Contentment, fulfilment and self acceptance come from accepting who we are, how we are and what we are. We can’t feel happy if on one level we reject our own bodies. If you are coping with a body image issue notice what of yourself you reject and reflect on how much you are turning parts of your body into an object. Are you rejecting your legs, your breasts, your face? You are not an object. You are a human being; like everyone else. Nobody is perfect and physical appearance is only one aspect of your multi-dimensional existence.
To overcome Body Image issues, you need to start to recognise that you are valid for who you are not for what your body looks like. Love and care come from self acceptance of ourselves and from trusting that others accept all of us (including our imperfect bodies) unconditionally. Ultimately, you have a choice. You can choose to understand why you have become so hard with your body and start to be content with how you look.
With such an attitude, you will bolster your Mental Health and send your subconscious that vital message – that you matter. Not because you are an ideal, perfect object with external validation but because you accept your inner world and your own self worth non-judgmentally and lovingly’….

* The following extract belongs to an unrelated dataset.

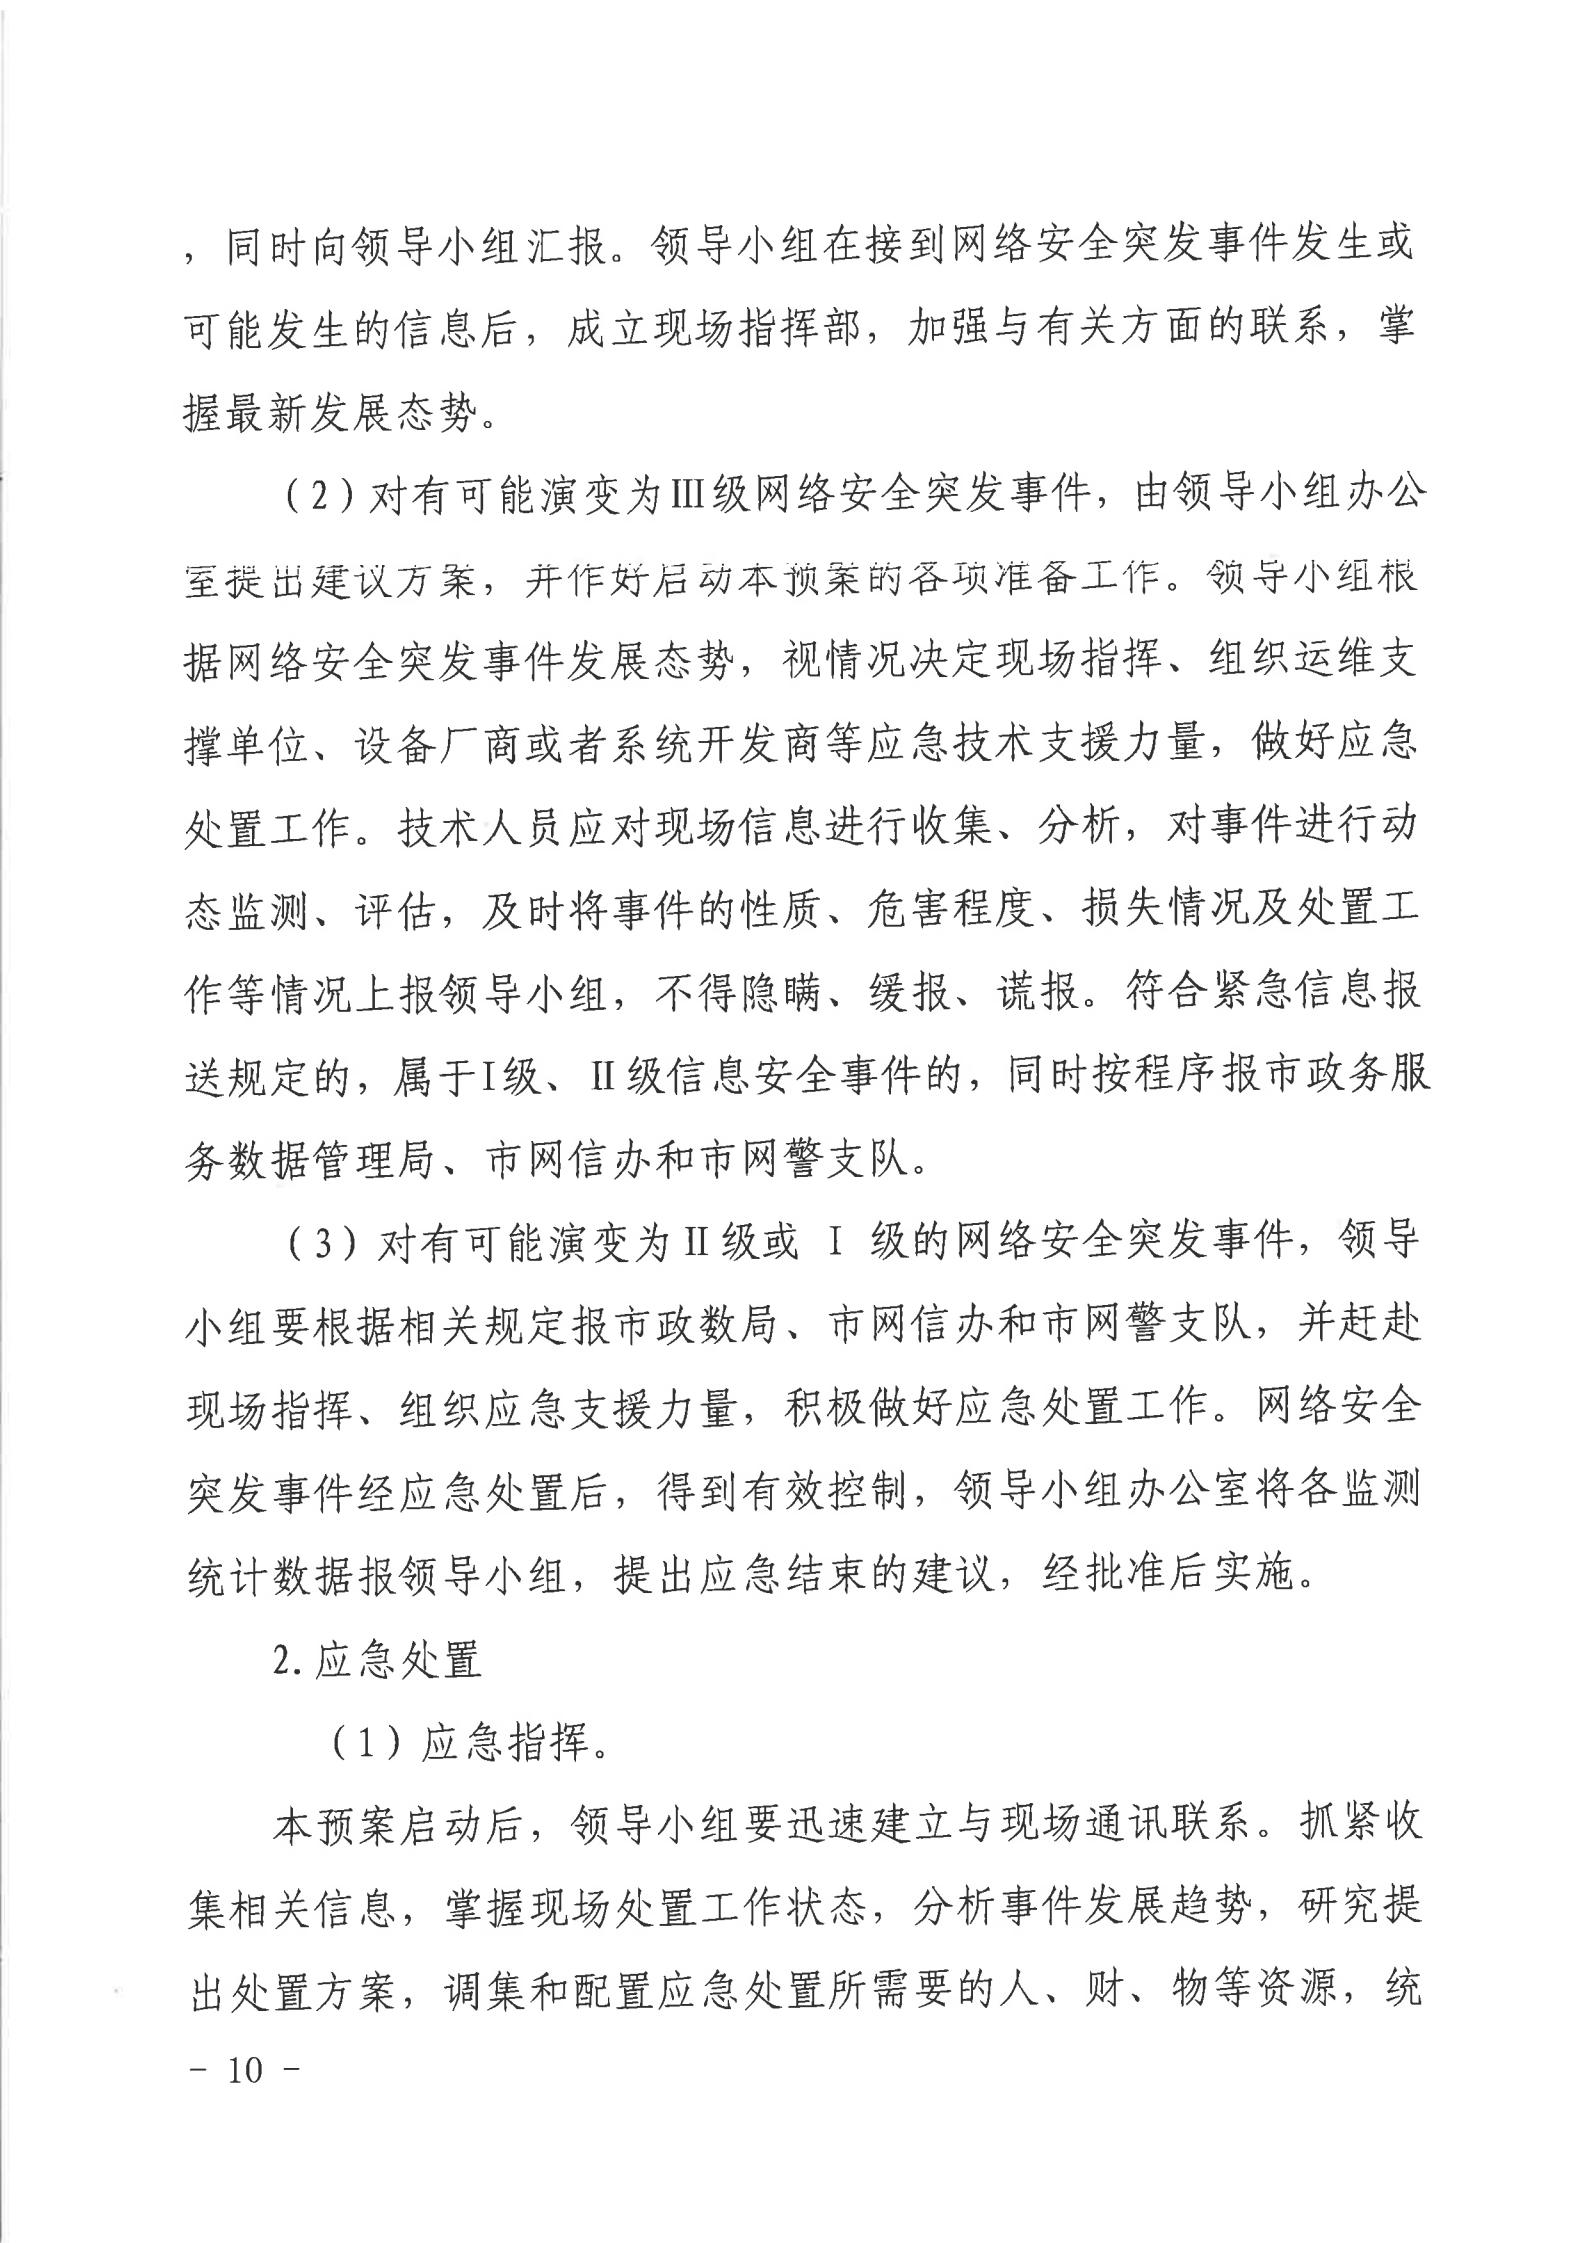 湛江市人民政府行政服务中心网络安全应急预案_09.jpg
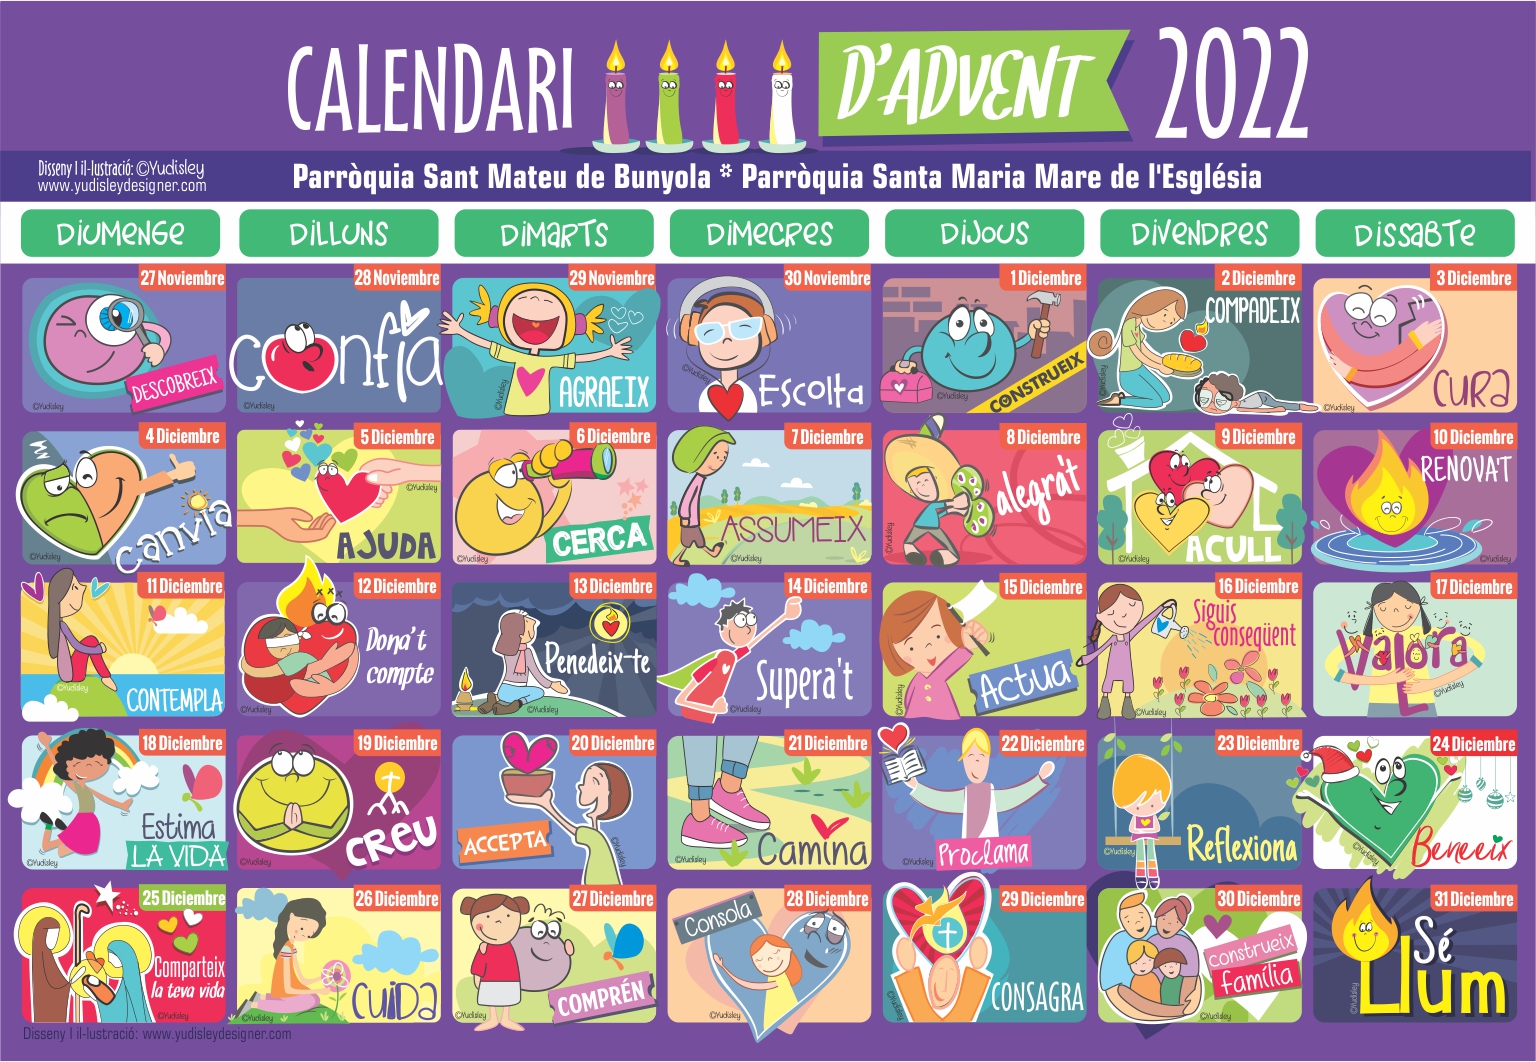 calendari-d-advent-2022-bisbat-de-mallorca

It’s a funny thing putting yourself and your art out into the world. It’s vulnerable, revealing and pressurised too but it’s the world I’m in and the fulfilment of actually DOING the work, for the love of it, and with the intention of helping others, overrides that fear, self-doubt and negative body image, so I plough on, even when times are hard.
I’m resolute that I won’t let worry win. I won’t let fear stop me from going on TV or appearing in magazines or publishing fashion shoots.
I won’t hide, even if it hurts not to. My only hope is that damning voice in my head soon becomes a whisper, so quiet, that one day I’ll wake up and find that it’s gone.